Subject: Ross Rant how the capital markets exploded in volume to cause the crisis

Commercial real estate loans went form $800 billion during most of the nineties to $1 trillion in 2000. Not a problem. From 2000-2006 they doubled to two trillion. With low rates and easy access to money for any deal from Wall St, combined with huge bonuses based on volume, the race was on. Real estate developers and owners were able, through vastly increased leverage, to use low cost debt in exchange for high cost equity. The extreme example being the Macklowe deal where he only used $50 million of his own equity to acquire $7 billion of office buildings. In the old days he would have had to put in $1.75 Billion equity. This extreme leverage, which became common, meant the people buying assets were really buying an option. If things worked out that made a killing which often was within months or a year when they flipped the asset. If they lost the bet, as now, the loss was not that much relatively. These very high levels, yet very low cost, of leverage, meant prices were driven up to bubble levels. If your cost of capital provides positive arbitrage, or if you have almost nothing at risk and can flip for a profit very quickly, then price does not matter as much. As opposed to the old days where the more you borrowed the greater your risk, it became the more you borrowed the less of your capital you had at risk and risk was perceived to be low because prices were rising rapidly, so go for more leverage. As things ramped up in 05-07, risk was no longer underwritten and not priced properly. The whole thing became get money out the door faster and make a bigger bonus. There were no controls. That has ended for a very long time. That is why it will be much harder to get a loan, it will be far more conservative, and it will cost a lot more.

Had everyone had to put in real cash equity, like the old days, none of this would have happened.
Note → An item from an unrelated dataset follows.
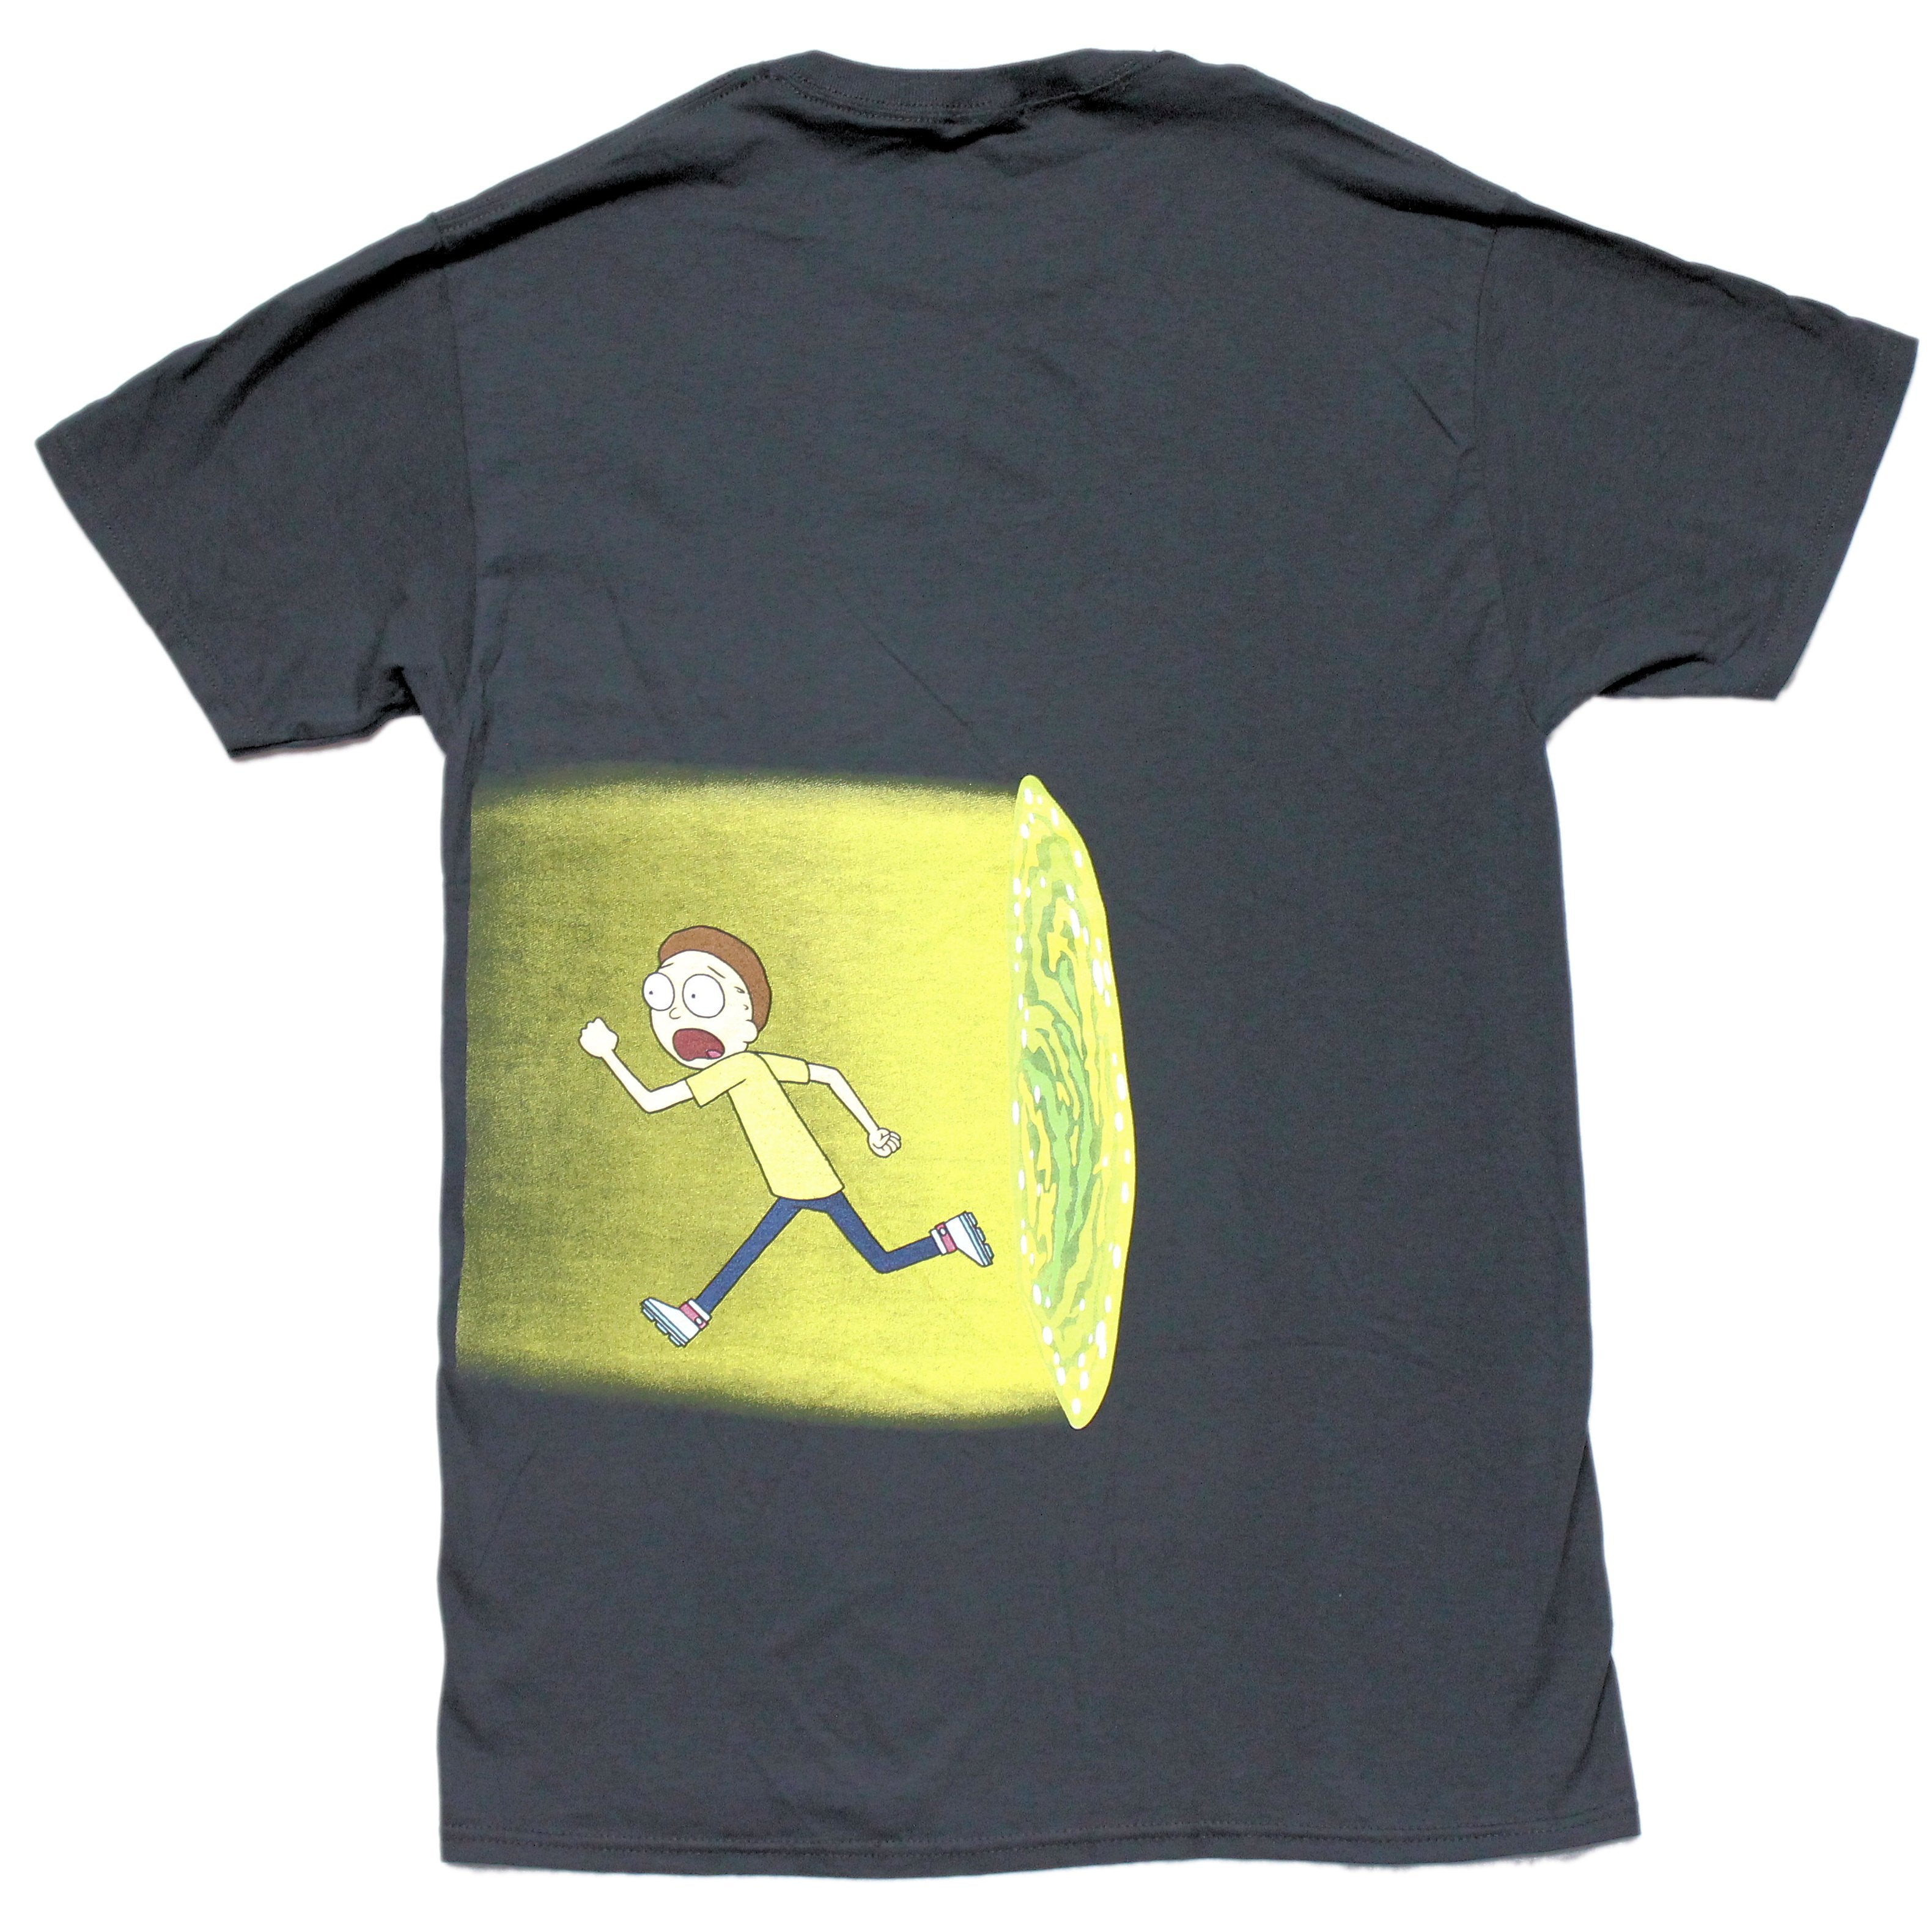 Rick and Morty Mens T-shirt - Running Through Portal & Shirt
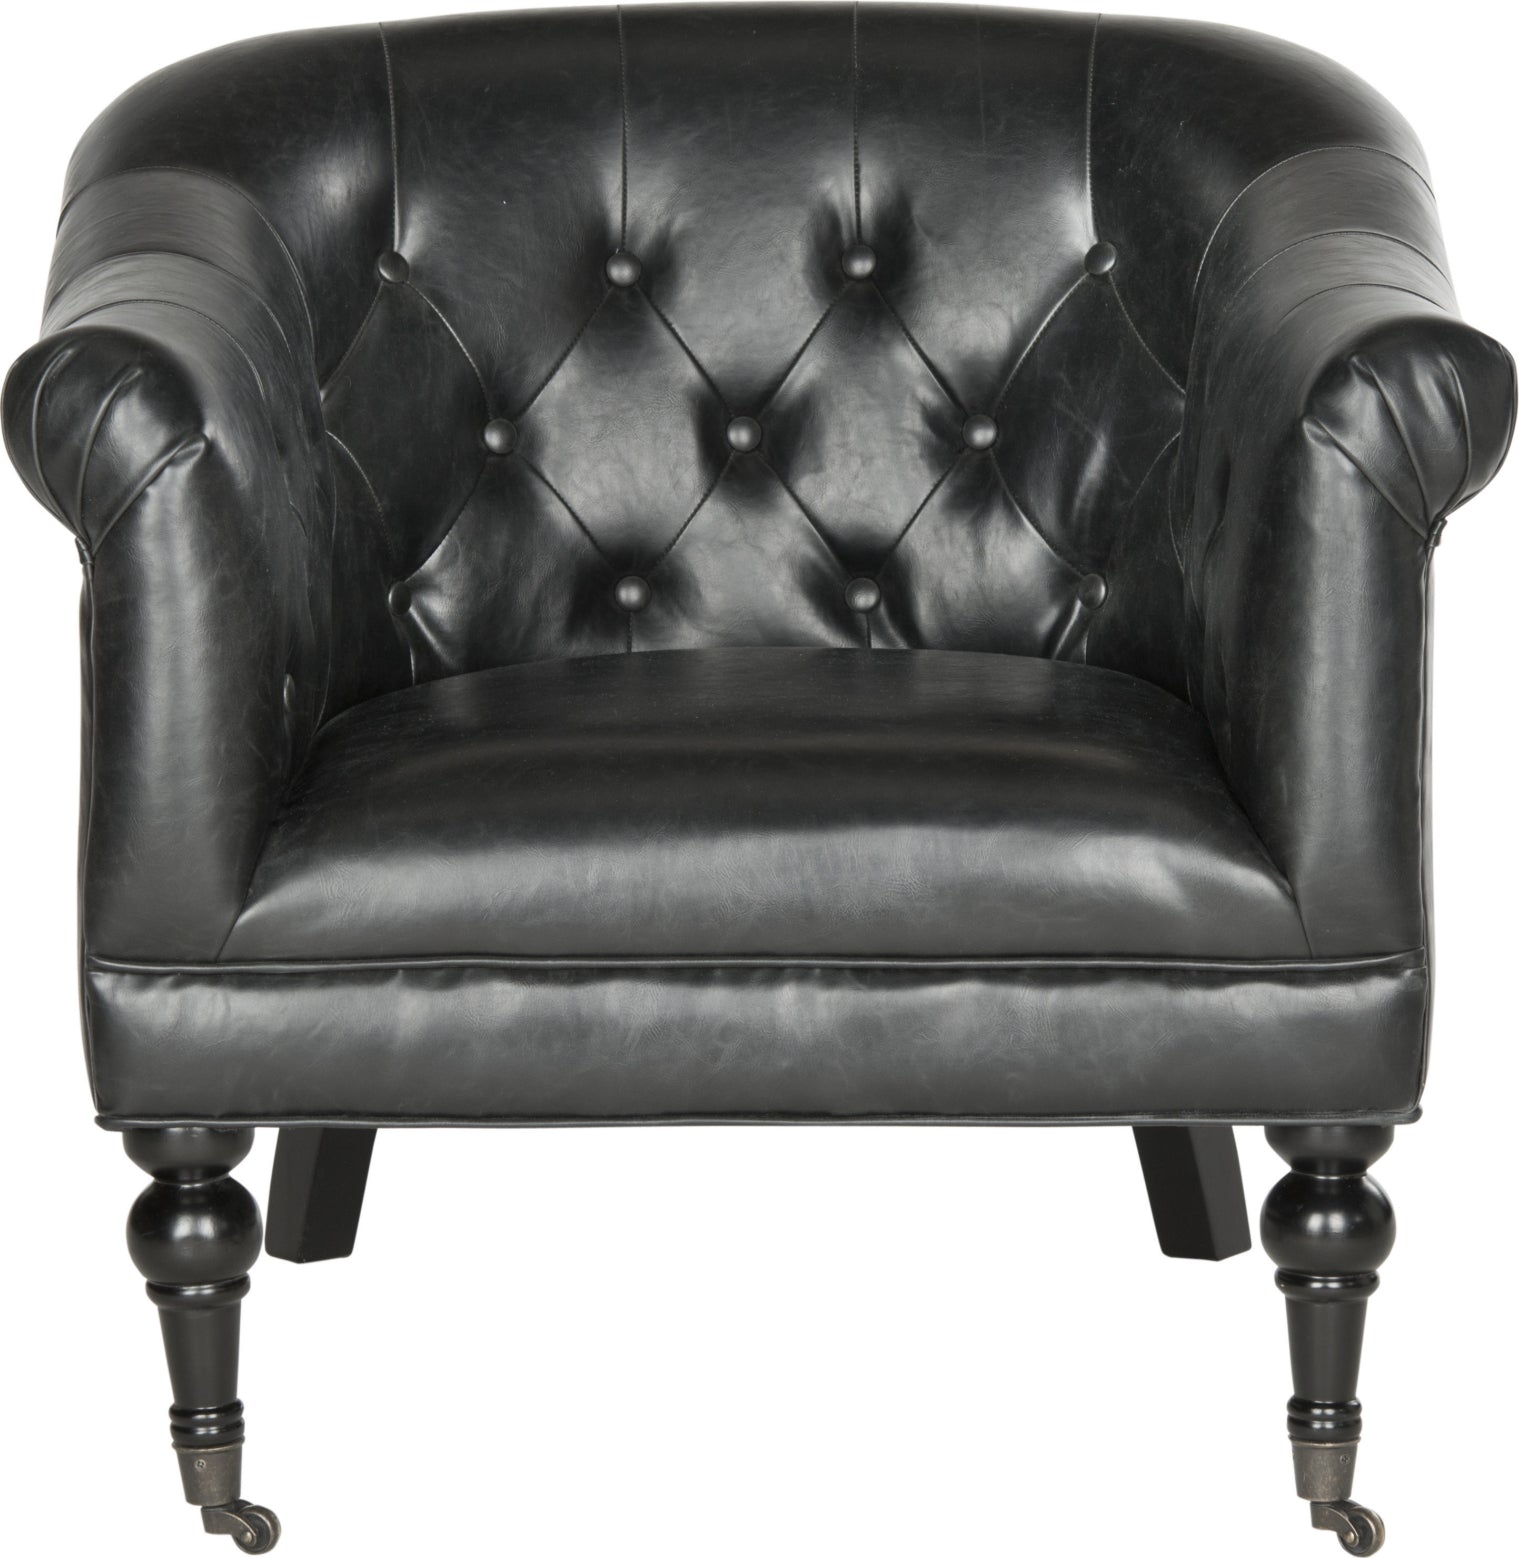 Safavieh Nicolas Tufted Club Chair Antique Black and Furniture main image

The derivatives market was similar. Derivatives began to be used by commercial companies to offset currency risk in the seventies and the first interest rate swap was in 1981. They were designed so corporations could control and mitigate risk on specific transactions. Then in 2000 the hedge funds and traders go into the game and everything exploded. By 2008 derivatives amounted to -ready for this-$684 Trillion. Credit default swaps alone were started in 2003 and by 2008 they were at $60 Trillion.

Derivatives became a trading vehicle for Wall St instead of a financial instrument used by companies to hedge transaction by transaction risk. With numbers like these is it any wonder it blew up. It is unclear if anyone really knows how much risk is really out there or if the counterparties to all these trades are good for the money. Risk became forgotten and the traders just were playing with virtual money.

Now Treasury wants to and should, regulate all this. The problem is old time corporate derivatives are custom designed and not easily subject to a central exchange. The economics change badly if they are required to have a margin deposit. That is very different than the case with traders just trading securities called derivatives which do work on exchanges. This is what the industry, Treasury and Congress need to sort out and why it made everyone nuts when Pelosi stuck a derivatives amendment onto cap and trade at midnight, with no understanding of what was at stake. Now people who do understand are working on fixing this. You will be reading a lot more about all this very soon.